Those are my Top10 activities regarding elevation. And what surprises me the most: The join with the directive USING (id) just works as expected by matching the id columns of both tables.

Table-less

You might want to do everything in-place and just use DuckDB as a fancy CSV tool.
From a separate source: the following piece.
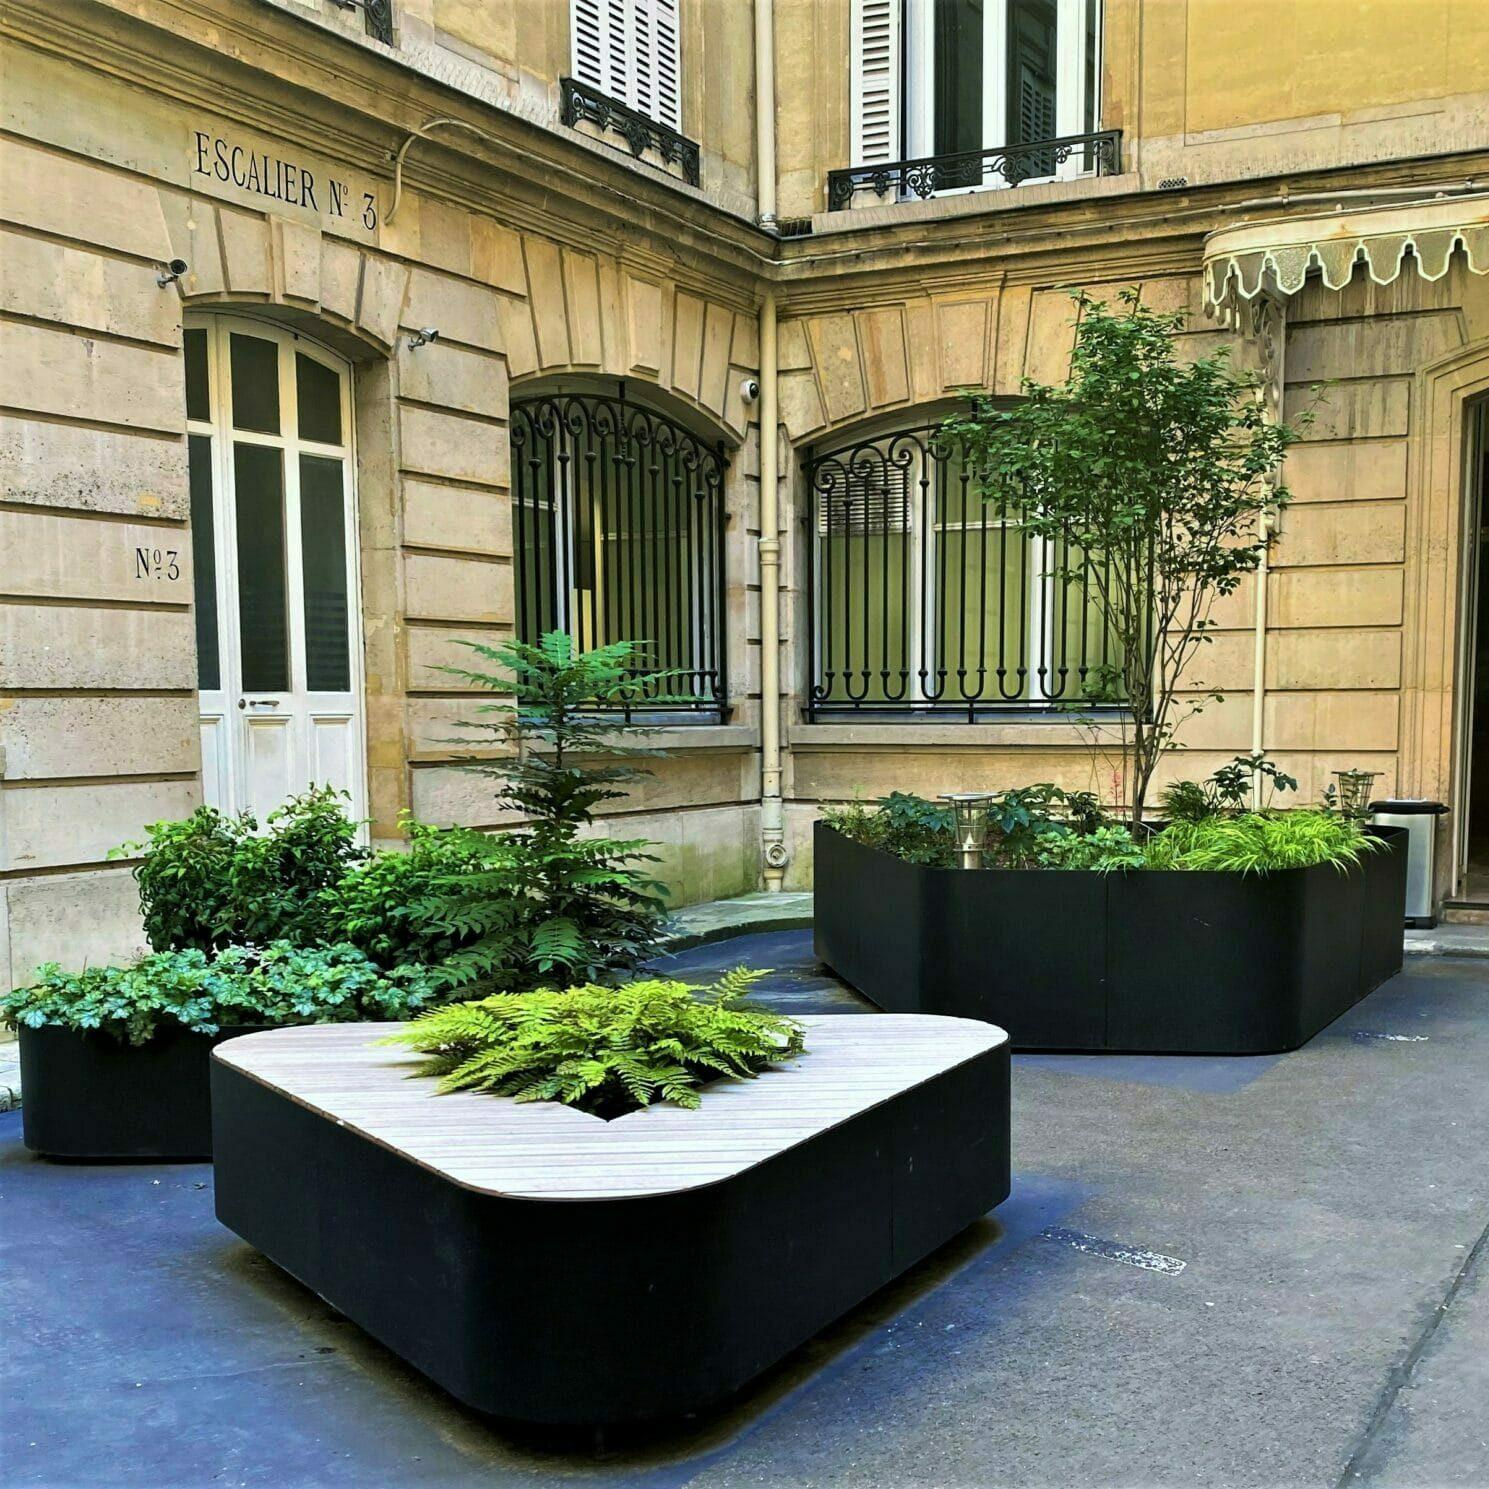 Maßgefertigte dreieckige Tabletts aus lackiertem Aluminium und Holzsitze

The whole steps above can also be combined into a single statement:

SELECT "Activity Type", "Date",
	case when "Min Elevation"=='--' THEN 0 ELSE replace("Min Elevation", ',', '')::numeric END as "MinElevation",
	case when "Max Elevation"=='--' THEN 0 ELSE replace("Max Elevation", ',', '')::numeric END as "MaxElevation",
	"MaxElevation" - "MinElevation" AS difference
	from 'Activities.csv'
ORDER BY difference DESC 
LIMIT 10;

And here is the statement that I have used to create the example CSV file from my original export.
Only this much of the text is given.